Sunday, September 22, 2013

Hambrecht & Reimer, eds.: "CALEB DORSEY BAER: Frederick, Maryland’s Confederate Surgeon"

[Caleb Dorsey Baer: Frederick, Maryland’s Confederate Surgeon edited by F. Terry Hambrecht, M.D. and Terry Reimer (National Museum of Civil War Medicine Press, 2013). Softcover, photos, notes, bibliography, index. 238 pp. ISBN:978-0-9712233-7-0 $17.95]

Doctor Caleb Dorsey Baer, a native Marylander and 1848 graduate of Jefferson Medical College, moved to Dover, Missouri with his young wife sometime between 1852-55. In Lafayette County, Baer did double duty as Justice of the Peace and practicing physician. When a clash with the federal government seemed imminent, he joined the Missouri State Guard, a move unpopular with his Unionist family back east.
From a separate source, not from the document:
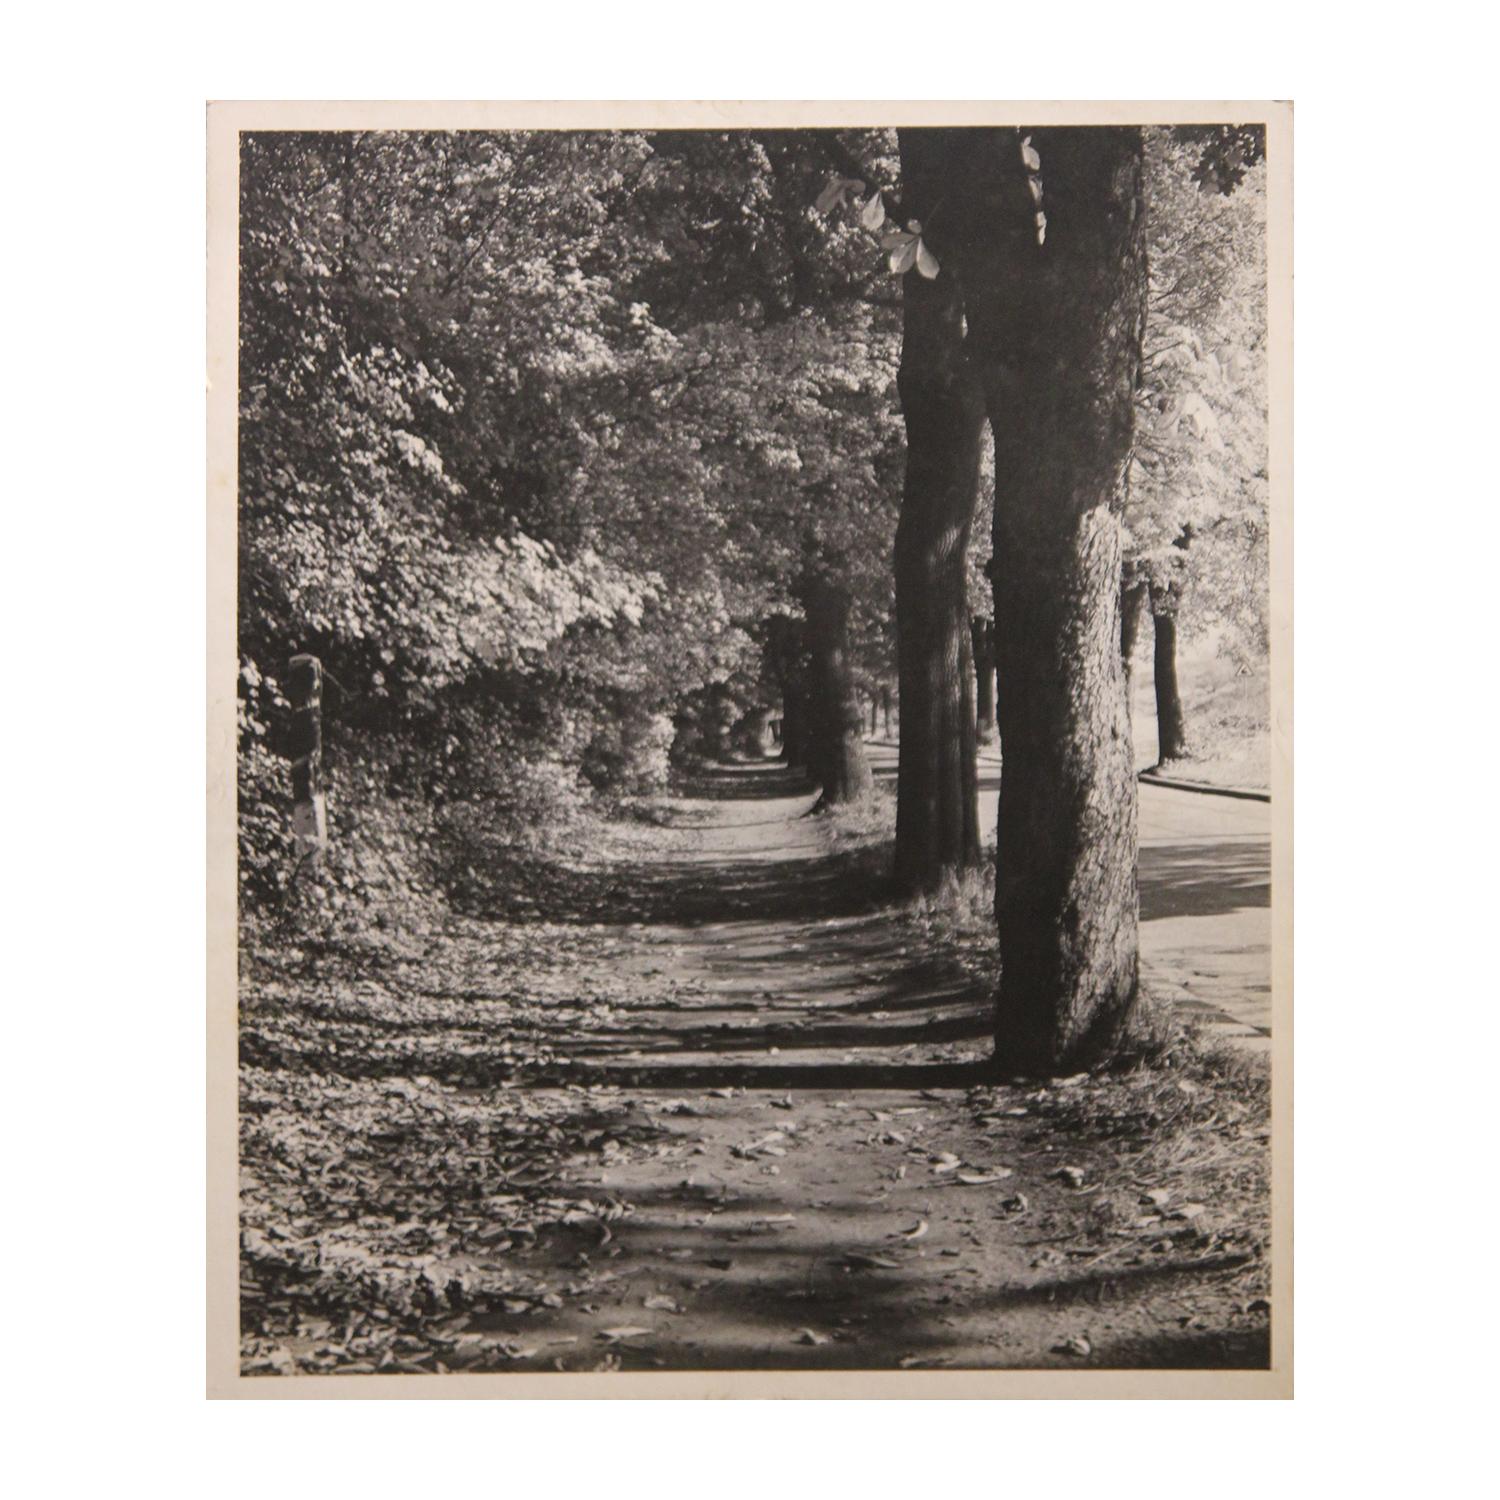 Landscape Photograph Unknown - Photographie perspective en noir et blanc d'un trottoir avec arbres

With the commencement of hostilities, Baer was appointed regimental surgeon with two different commands and he also helped administer a military hospital in Carthage.  When the pro-secessionist Missouri state military apparatus was scaled down, Baer joined the Confederate army. He was Staff Surgeon attached to the 9th Battalion Missouri (Pindall's) Sharpshooters, regimental surgeon with the 9th Missouri Infantry of Mosby Monroe Parsons's brigade, and later occupied a string of other divisional and brigade level postings until disease took his life on August 30, 1863.
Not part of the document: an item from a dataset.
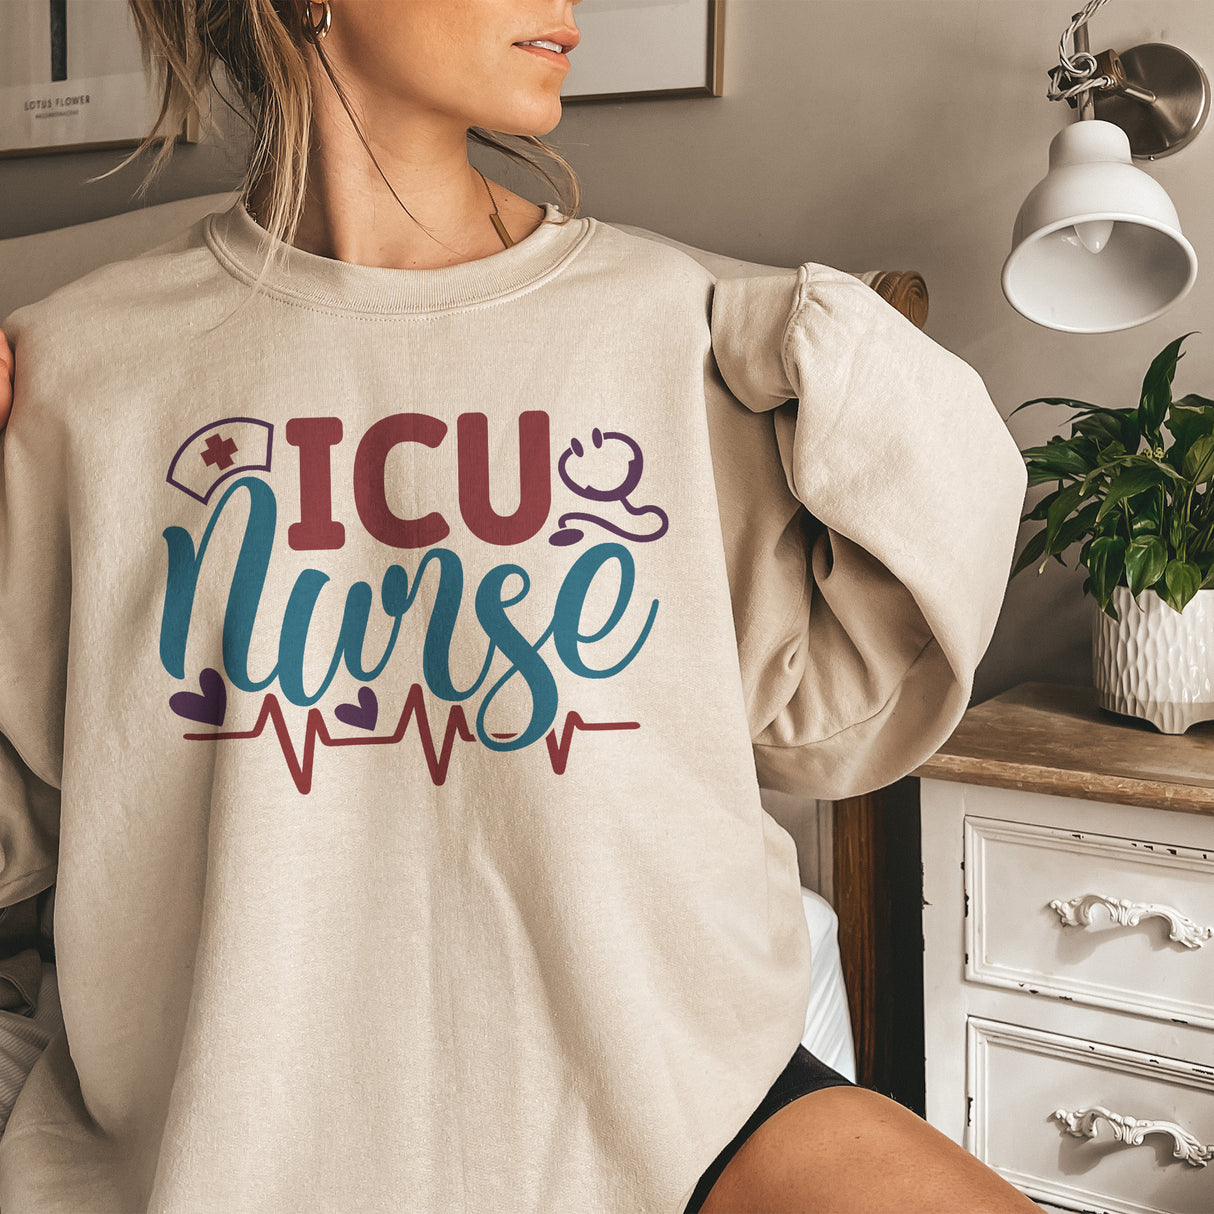 ICU Nurse Adult Sweatshirt

Like many Civil War diarists, Dr. Baer frequently comments on matters far outside his own sphere of duties. While he certainly does in many places mention his medical department responsibilities and health problems, Baer devotes greater space to military events, personalities, and places encountered while on the march. He writes some informative passages about the Battle of Wilson's Creek and the Lexington siege, but his discussions of the battles of Carthage, Helena (Ark.), and Dry Wood Creek should draw special attention. Baer's accounts of his medical role at Carthage (and accompanying hand drawn maps of the locations of his field dressing stations) and Helena add a new dimension to the source information available for those battles, while his description of the Dry Wood Creek fight is more detailed than those found in most published histories. Some of the most extensive and vividly written passages [the one relating his observations of the crossing of the Boston Mountains was particularly memorable] document a long journey, accompanied by General Parsons, to Memphis. However, upon arrival, Baer seemed almost to have been forgotten by his superiors and no explanation of the mission's original purpose is offered.  The whole episode is rather indicative of chaotic organization of the Confederacy's Trans-Mississippi war effort, especially early on.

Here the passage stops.